I take the bite valve off the tube, water flows right on through. But the valve back on and bite down, like the instructions say, and nothing happens.

How are you supposed to get water to come out of the bladder through the bite valve?


----------



## s0ckeyeus (Jun 20, 2008)

You are sucking...right?


----------



## emtnate (Feb 9, 2008)

Some of the new camelbak valves don't open up all the way when they are new. Don't cut it (or it won't close right again) but try to move the rubber around with your fingers until it opens up.


----------



## Moonlight Graham (May 14, 2008)

s0ckeyeus said:


> You are sucking...right?


Yes, until I nearly pass out. I'd make Monica Lewinsky proud.


----------



## mikkelz (Apr 21, 2009)

This thread is hilarious!


----------



## Moonlight Graham (May 14, 2008)

emtnate said:


> Some of the new camelbak valves don't open up all the way when they are new. Don't cut it (or it won't close right again) but try to move the rubber around with your fingers until it opens up.

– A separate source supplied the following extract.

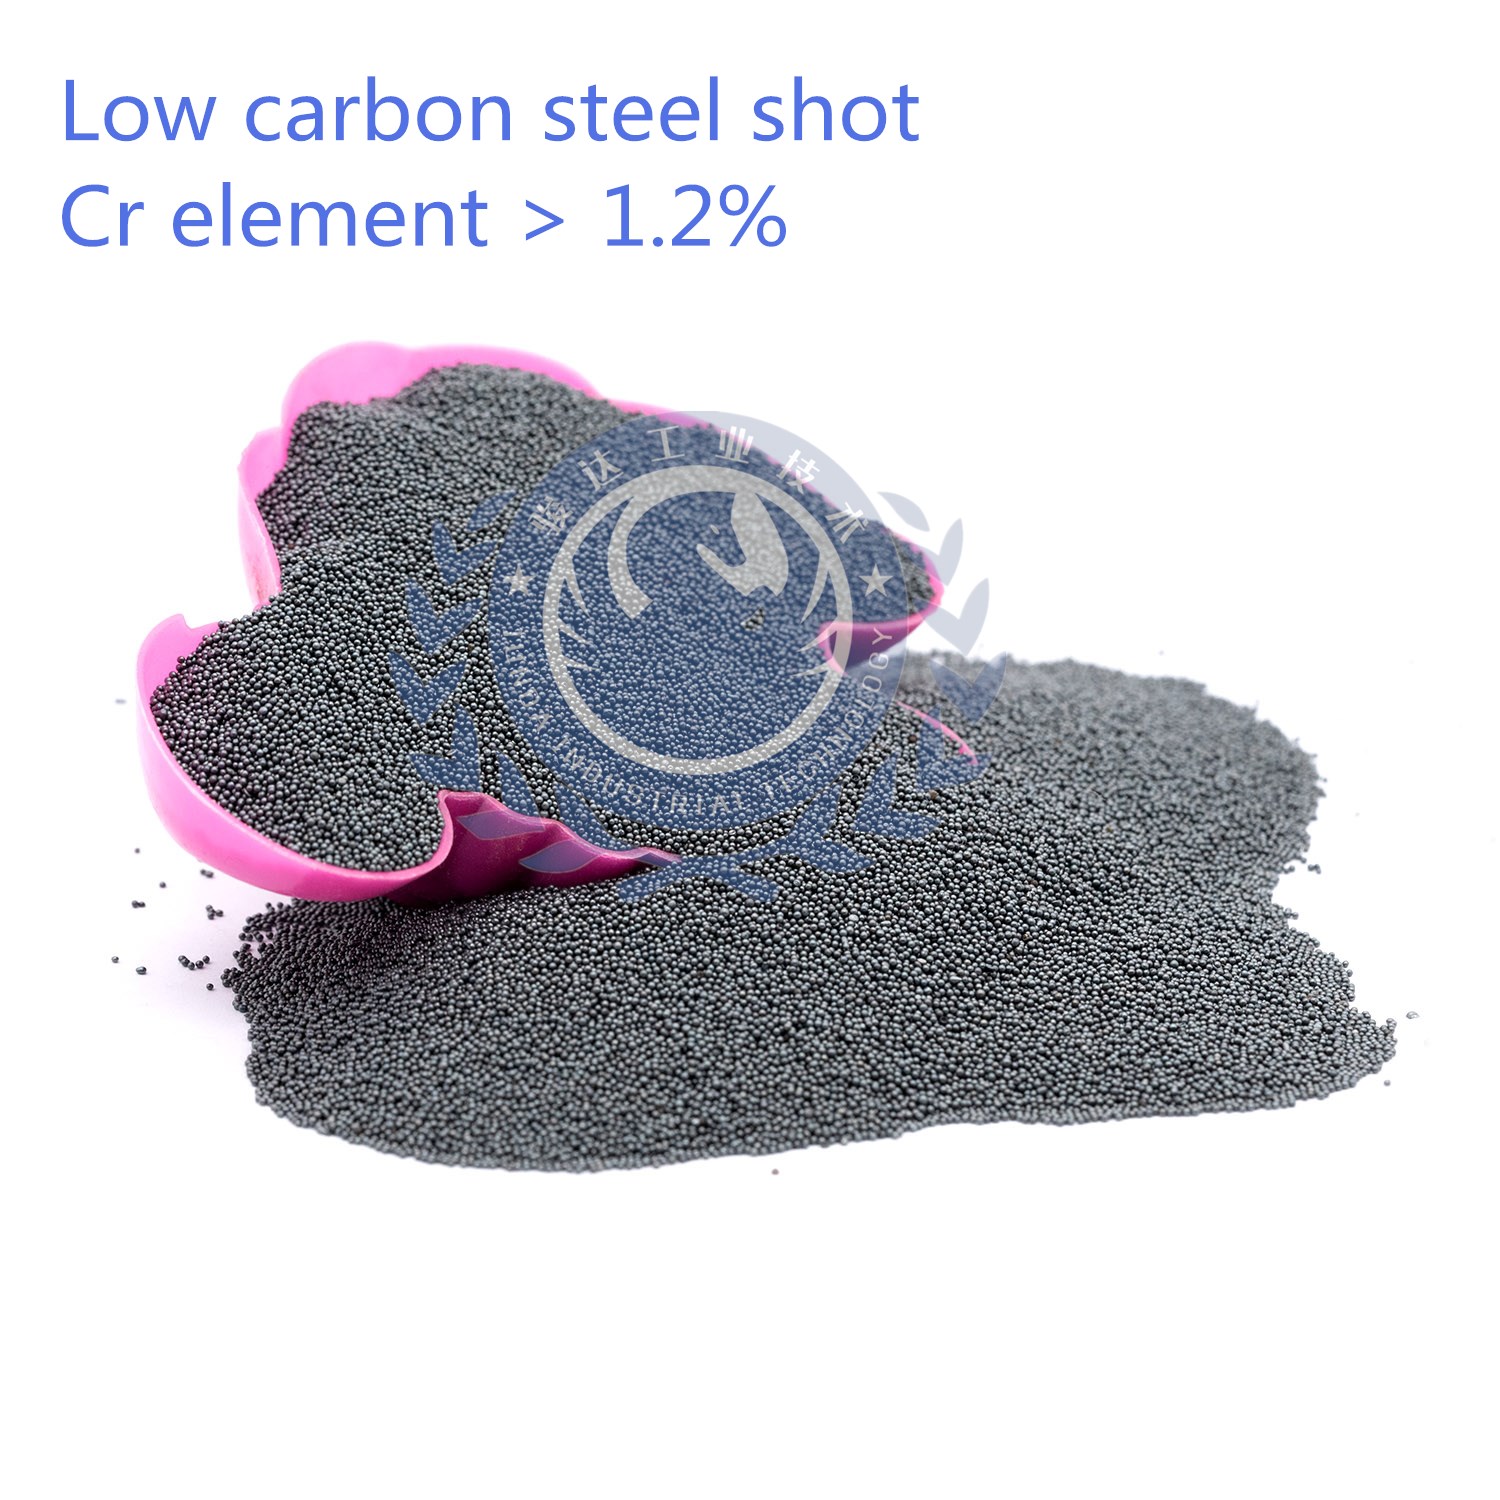 Low carbon steel shot

It worked! Thanks. I almost sent this thing back thinking it was defective. Thanks again.


----------



## Swthrtsuzy (Sep 1, 2008)

Moonlight Graham said:


> Yes, until I nearly pass out. I'd make Monica Lewinsky proud.


Haha. That's funny.

It might have an on/off thingie on it. Sorry don't know the technical term and my brain is fried from work, but I have a little doohickey that opens and closes the valve depending on which way it's turned. If it's closed, and you don't know it's there, no amount of sucking or squeezing is going to get you any results. And, if it's there, it may not be obvious. I had no idea my camelbak had one on the bite valve until my boyfriend told me.


----------



## Freewillie (Jul 8, 2008)

Swthrtsuzy said:


> ...no amount of sucking or squeezing is going to get you any results...I had no idea ...until my boyfriend told me.

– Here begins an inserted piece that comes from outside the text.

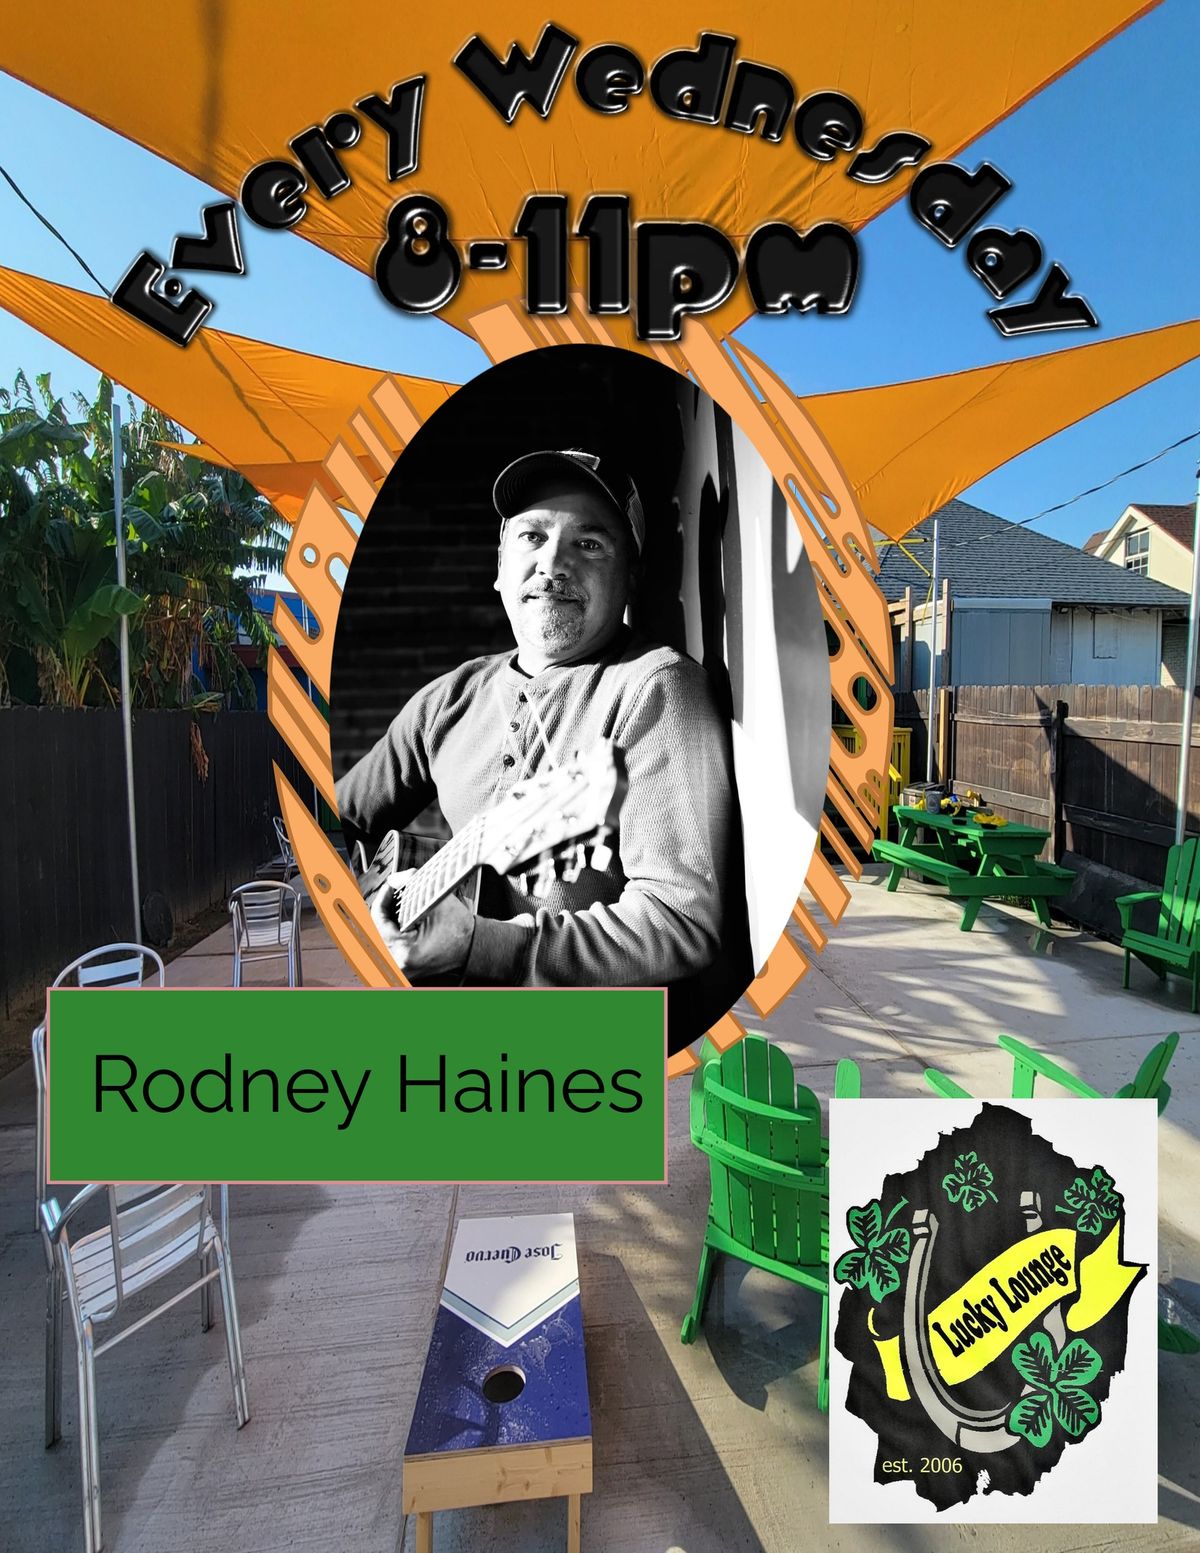 Wednesdays with Rodney Haines

Sorry, I couldn't resist misquoting you.


----------



## Swthrtsuzy (Sep 1, 2008)

Freewillie said:


> Sorry, I couldn't resist misquoting you.


Well played, Salesman. :thumbsup:


----------



## vk45de (Feb 1, 2009)

With hard sucking and frustration, how can it not?


----------



## Memphis_Buckeye (Mar 13, 2009)

Moonlight Graham said:


> Yes, until I nearly pass out. I'd make Monica Lewinsky proud.


That's what she said!


----------